Flowering plants, including the kinds we associate with edible fruit and berries, only diversified near the end of the time of dinosaurs. For most of the Mesozoic, anything like avocadoes and grapes, blackberries or raspberries simply did not exist. Accordingly, paleoartists don’t depict these in their Mesozoic scenes.
But this does not mean Mesozoic animals didn’t eat sweet fruit-like plant parts, as flowering plants are not the only ones that produce them (photo: Juniperus communis, Sarah Gregg/Flickr).
Fruits and berries are fleshy, energy-rich (usually sugary, sometimes fatty) plant tissues that the plant uses to bribe animals into distributing their seeds. In an optimal situation, the animal will swallow the tasty morsel, seeds and all, and later drop the intact seeds into a new habitat, along with a convenient serving of manure.
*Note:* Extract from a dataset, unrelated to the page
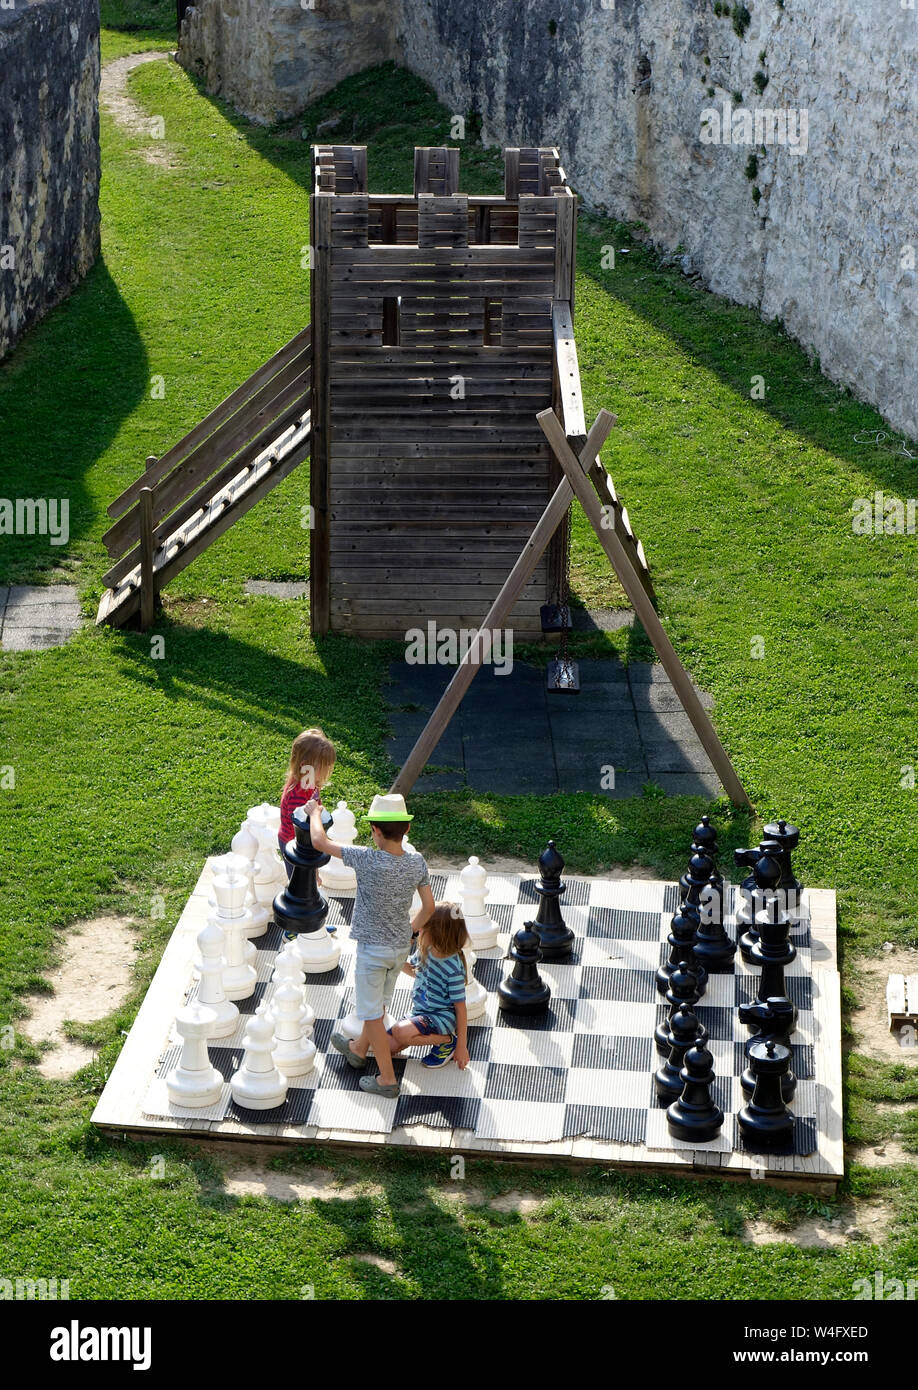 Les enfants jouent aux échecs en public avec grand jardin jeu d'échec. Celje vieux château. La Slovénie Banque D'Images
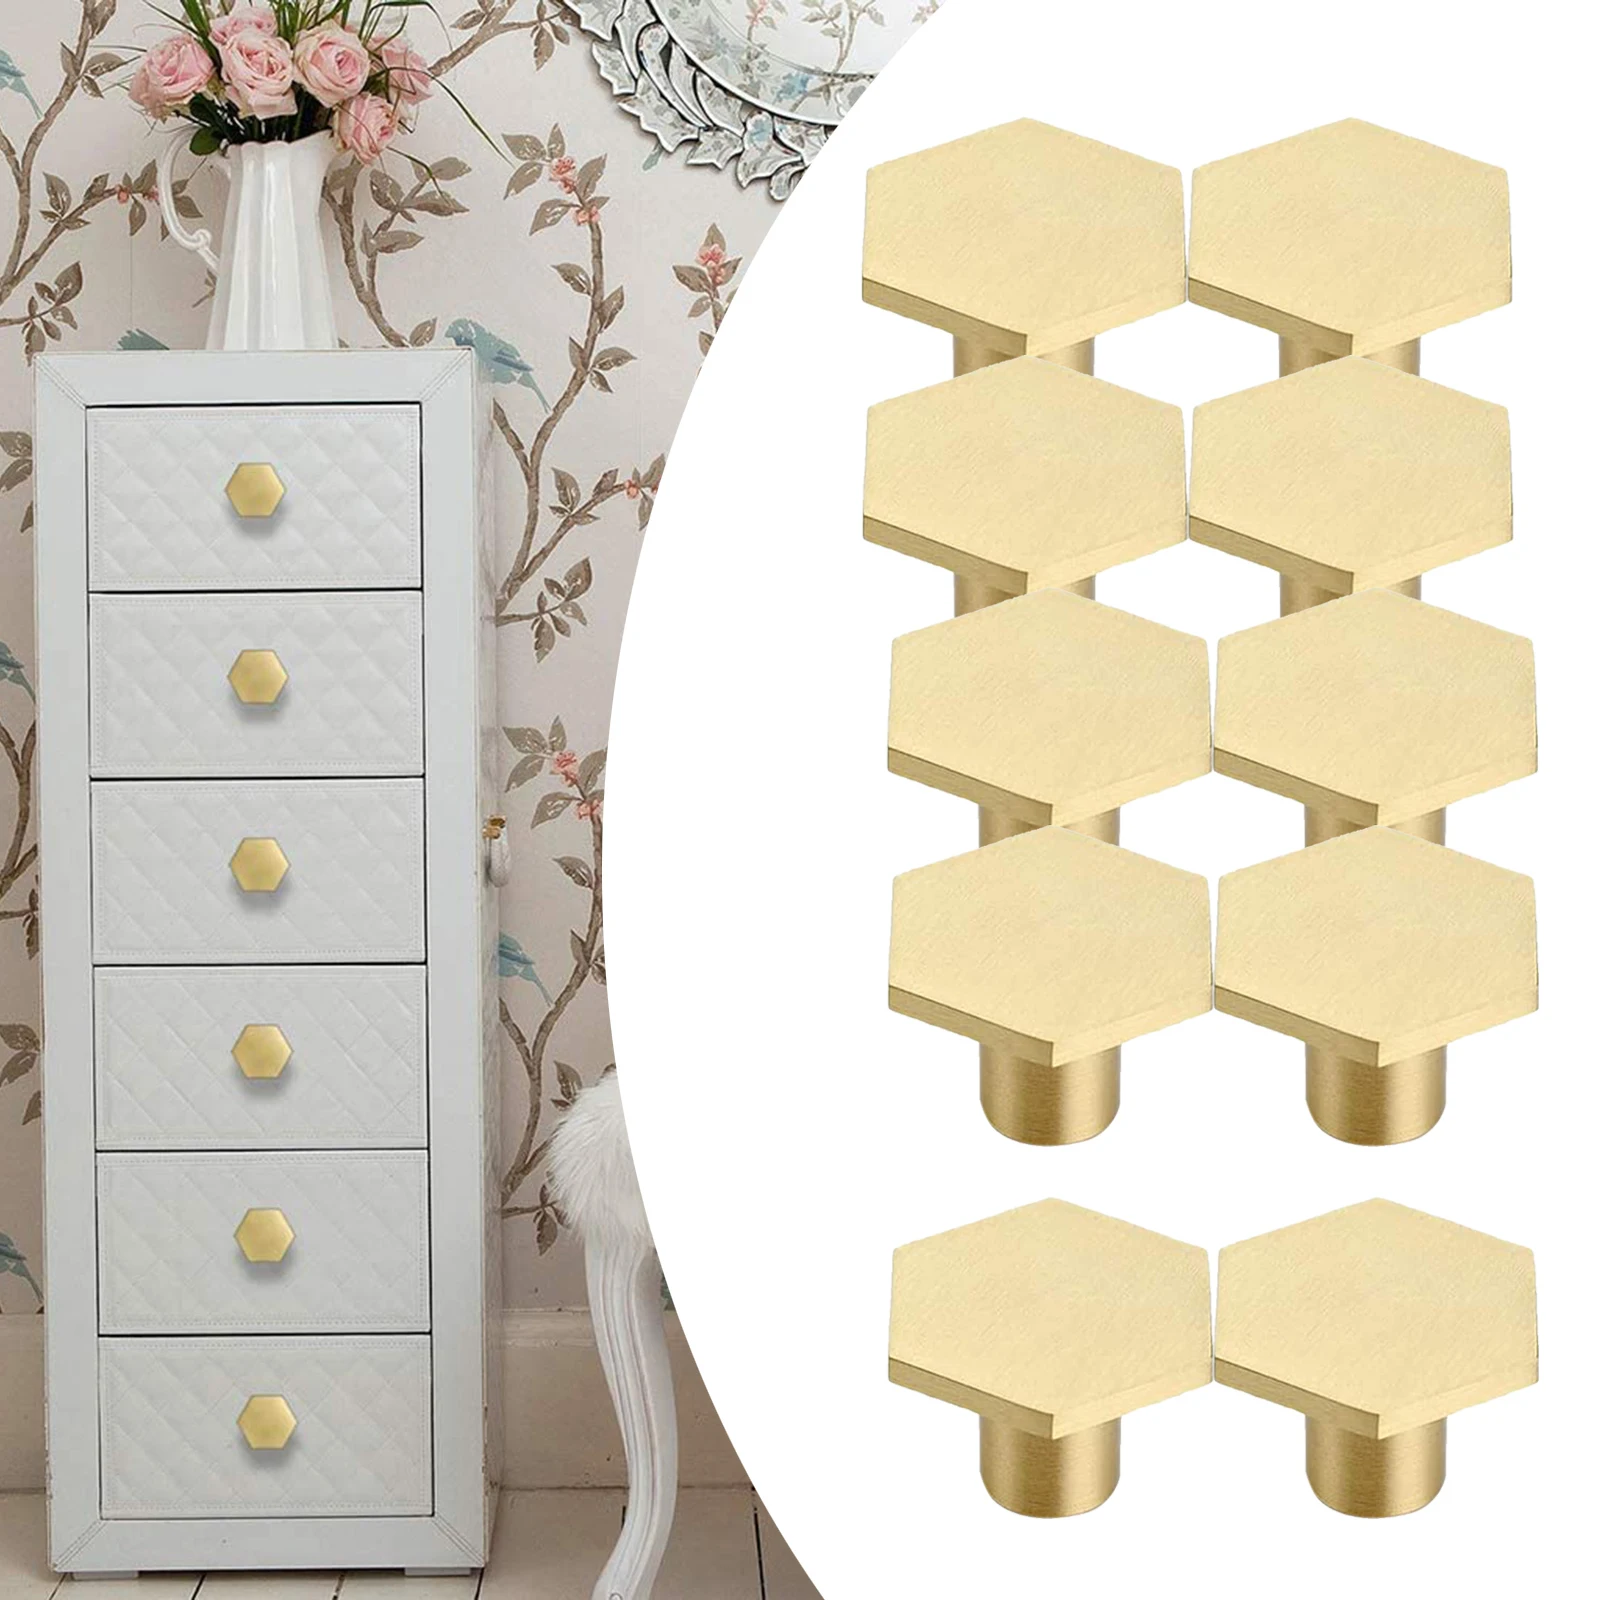 Brass Furniture Round Handle Of Drawer Wardrobe Door Knob Handles Dresser Brass Pulls Cabinet Handles Set of 10pcs

The tactic is so useful it has been independently aquired all over the family tree of plants. And not just flowering plants. Only the reproductive structures of flowering plants are properly called fruit, however. The technical term for non-angiosperm ones is false-fruit or diaspore.
Ginkgoes are perhaps the oldest group of plants to produce edible false-fruit. They have been around since the Permian, though there is plenty of variation in the reproductive structures of prehistoric ginkgoes.
Seed coats of the modern maidenhair tree, Ginkgo biloba, are yellowish and said to smell (and probably taste) like carrion or vomit. The toxic seed is contained within a soft, edible if smelly husk (photo by Fritz Geller-Grimm/Wikipedia, from a park in Germany).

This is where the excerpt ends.